Collected material>
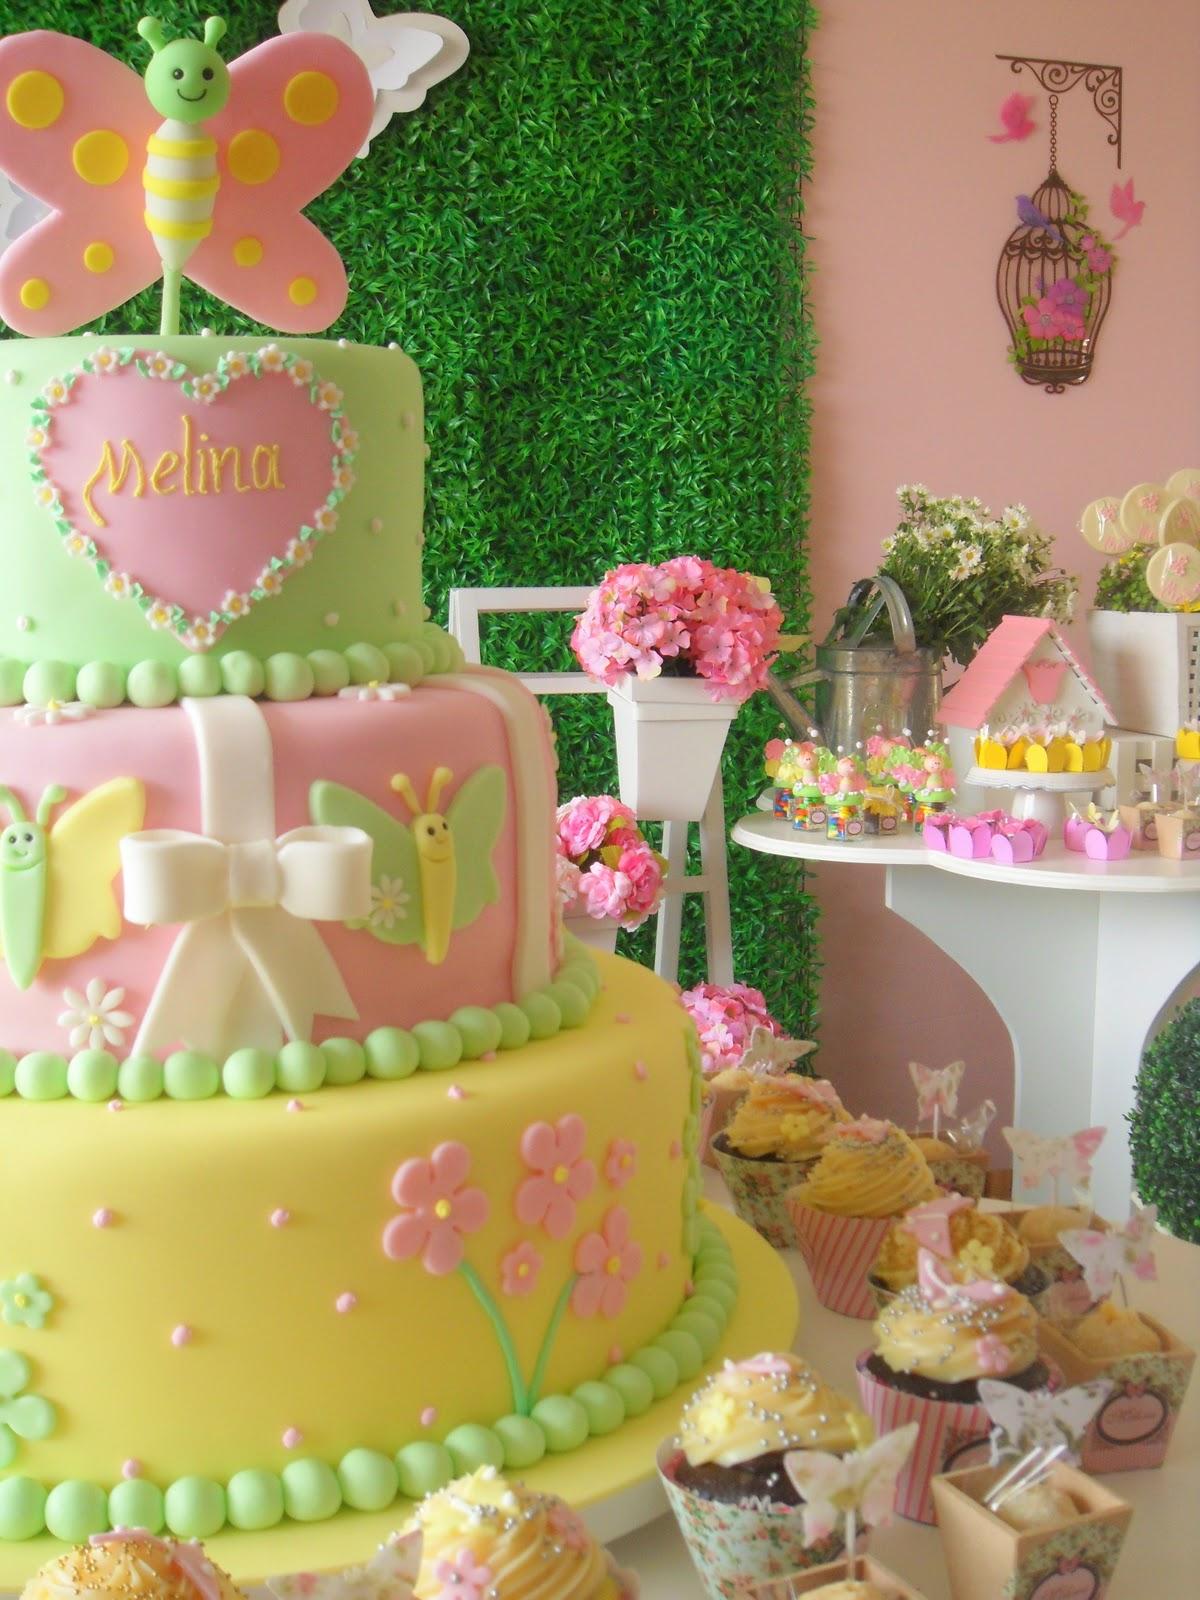 Chocolate cake pig fest - 1 9
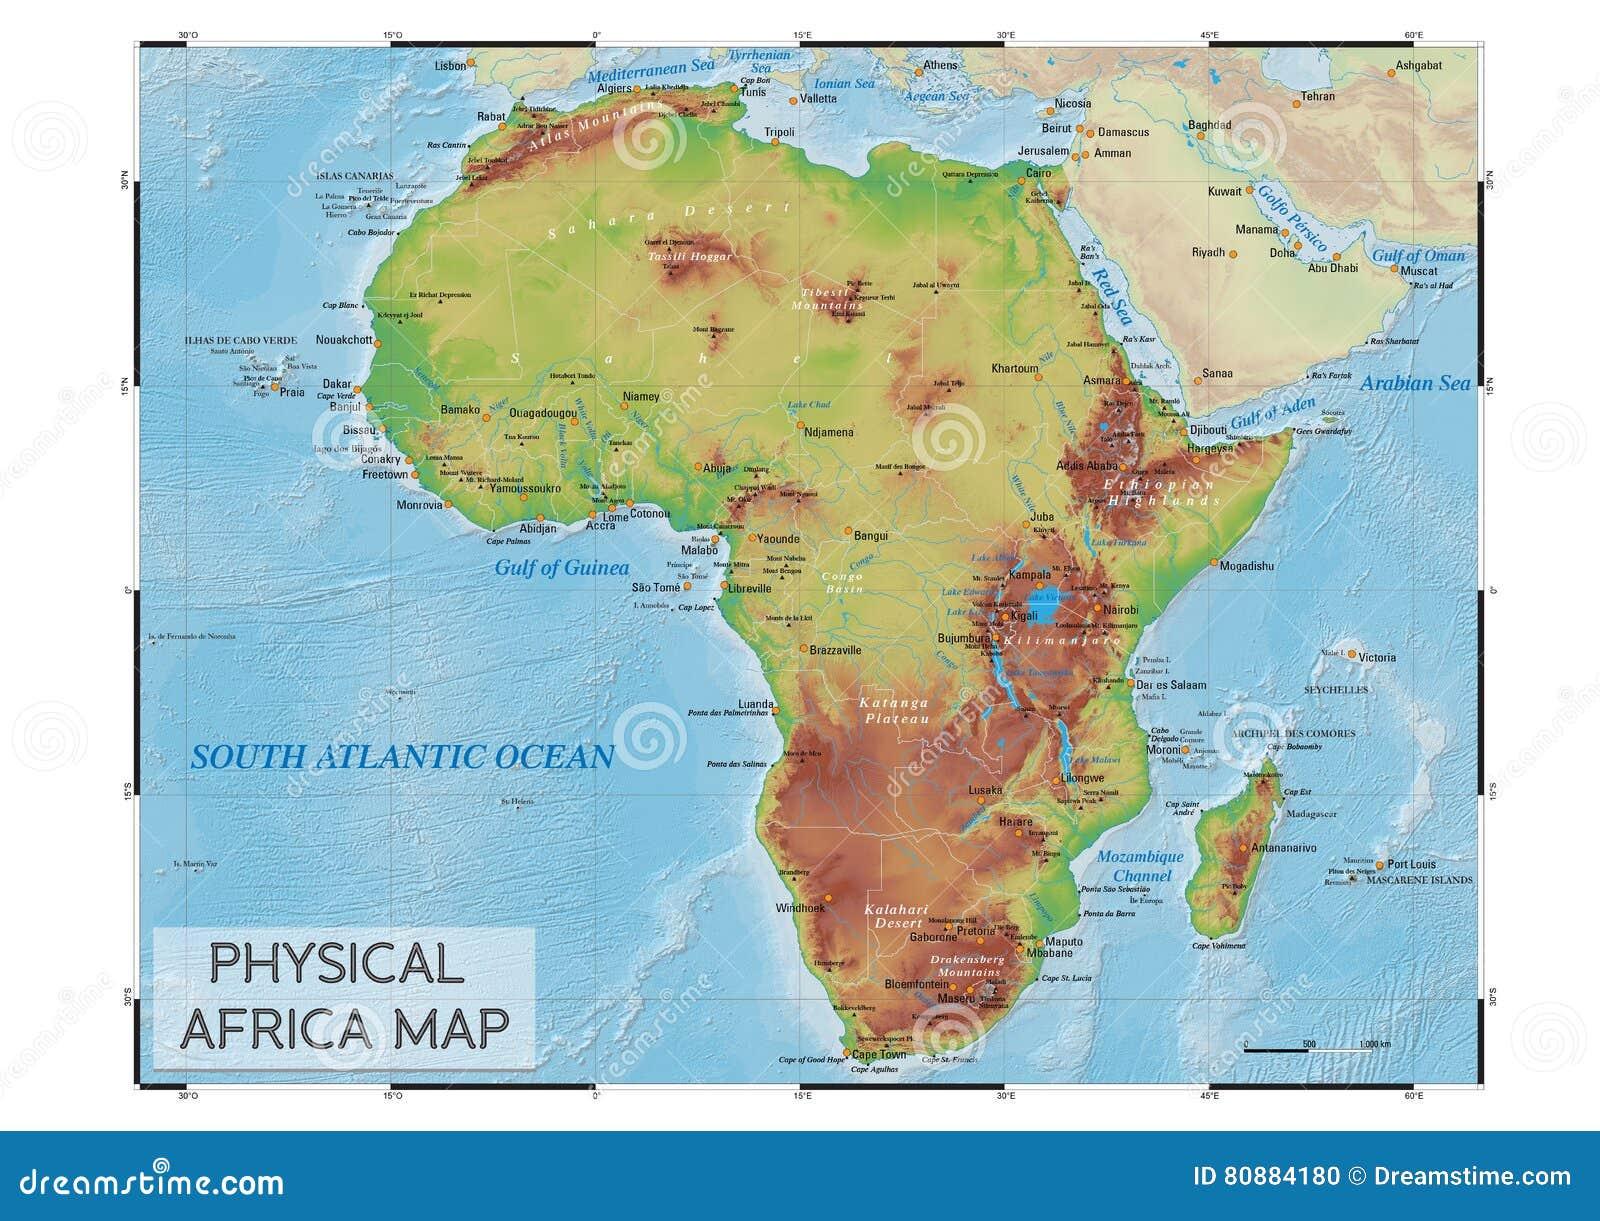 Mapa Fisico De Africa Ilustracao Do Vetor Ilustracao De Mapa
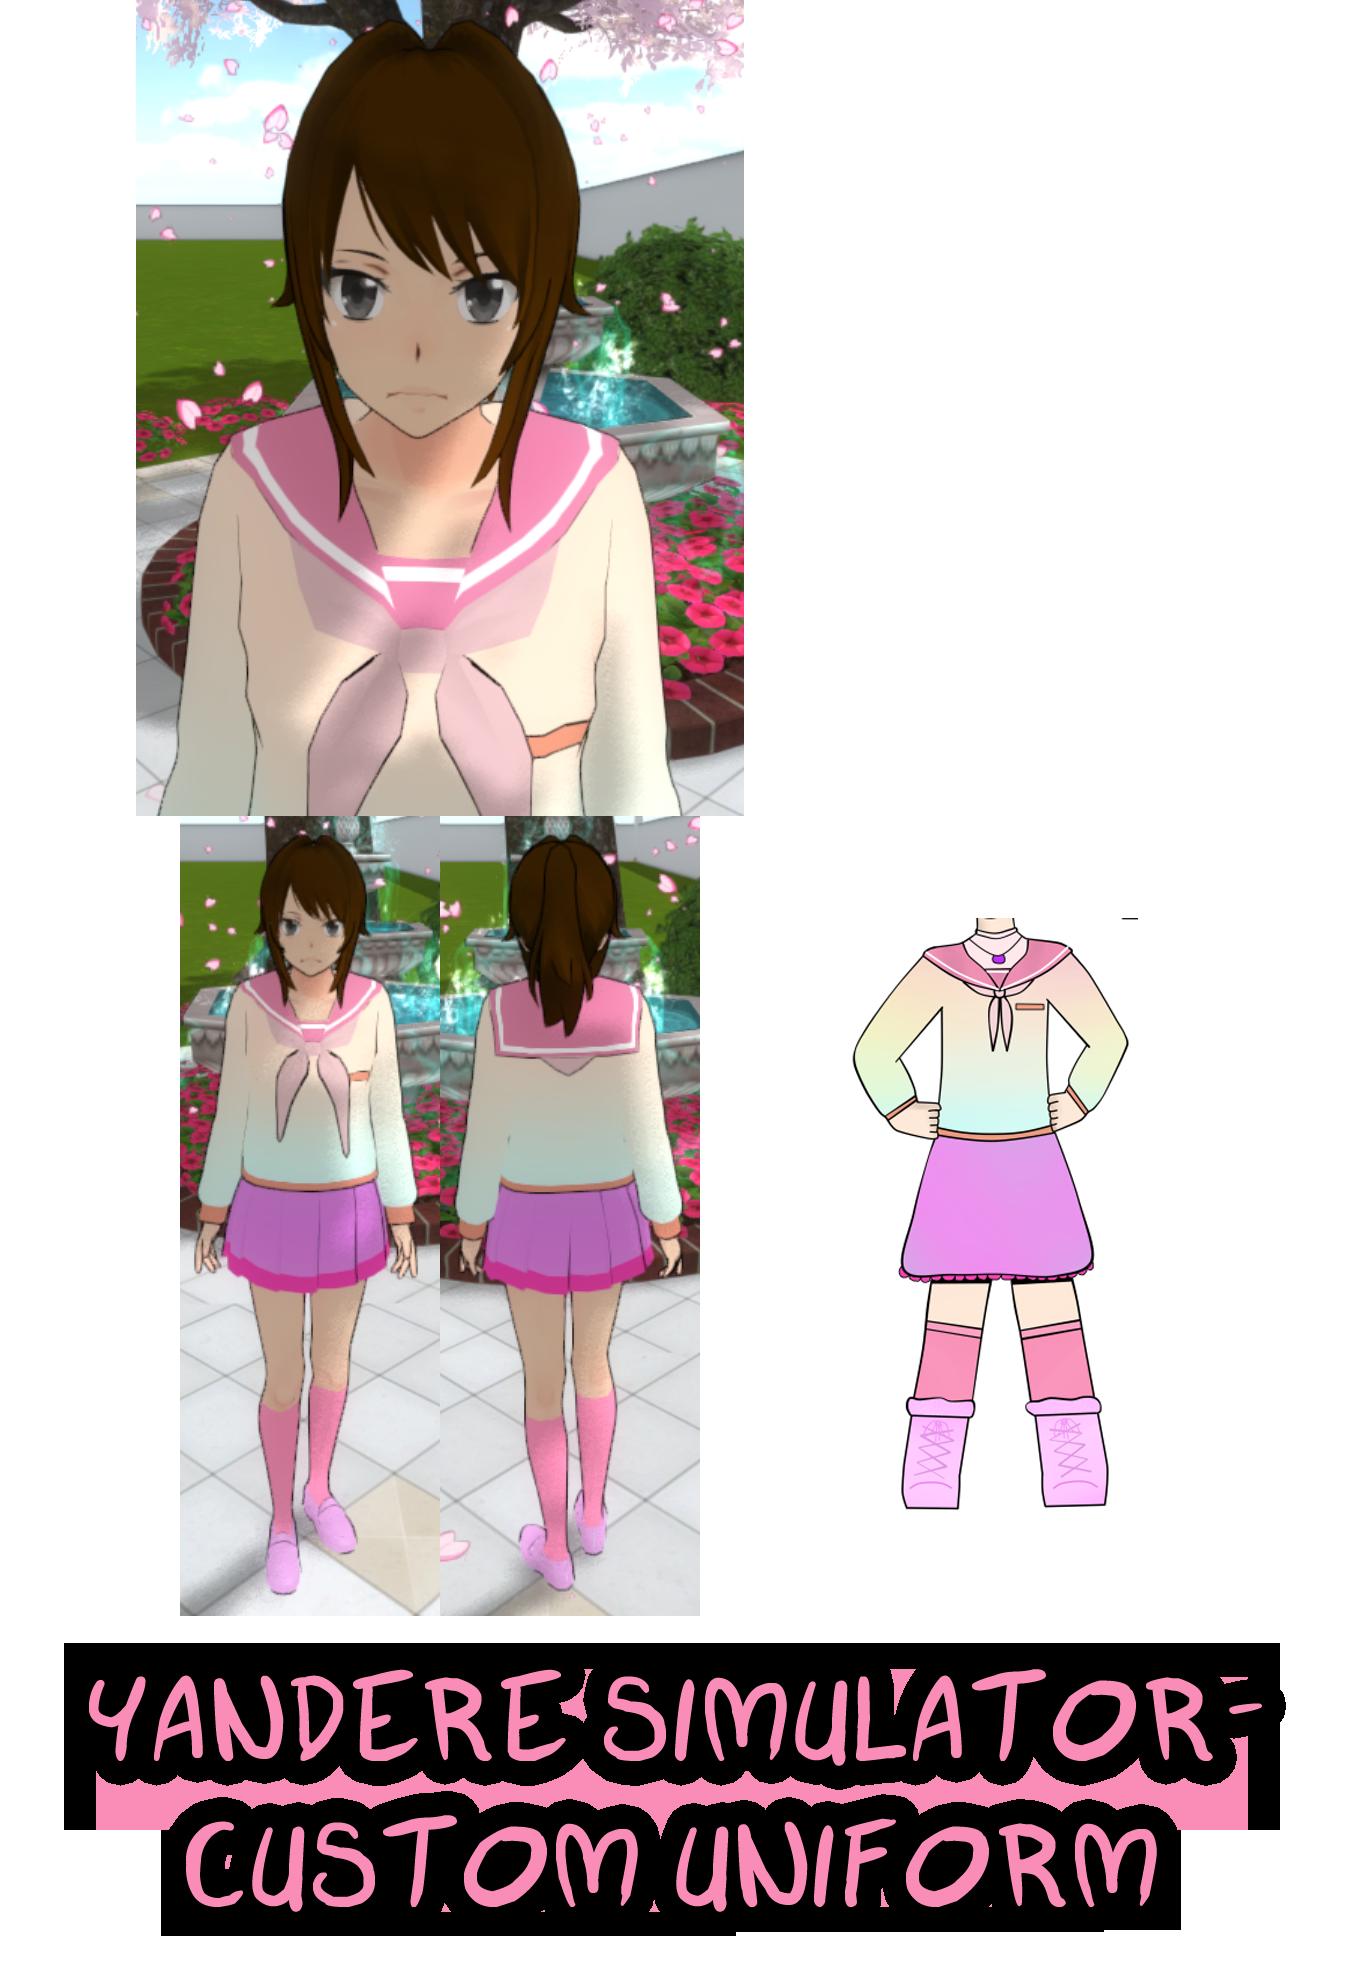 Yandere Simulator- Custom Uniform and Hair by ImaginaryAlchemist on

Description of the task> Pictures do not belong in the copy; repeat the rest of the listing exactly.

Solved problem>
 Chocolate cake pig fest - 1 9
 Mapa Fisico De Africa Ilustracao Do Vetor Ilustracao De Mapa
 Yandere Simulator- Custom Uniform and Hair by ImaginaryAlchemist on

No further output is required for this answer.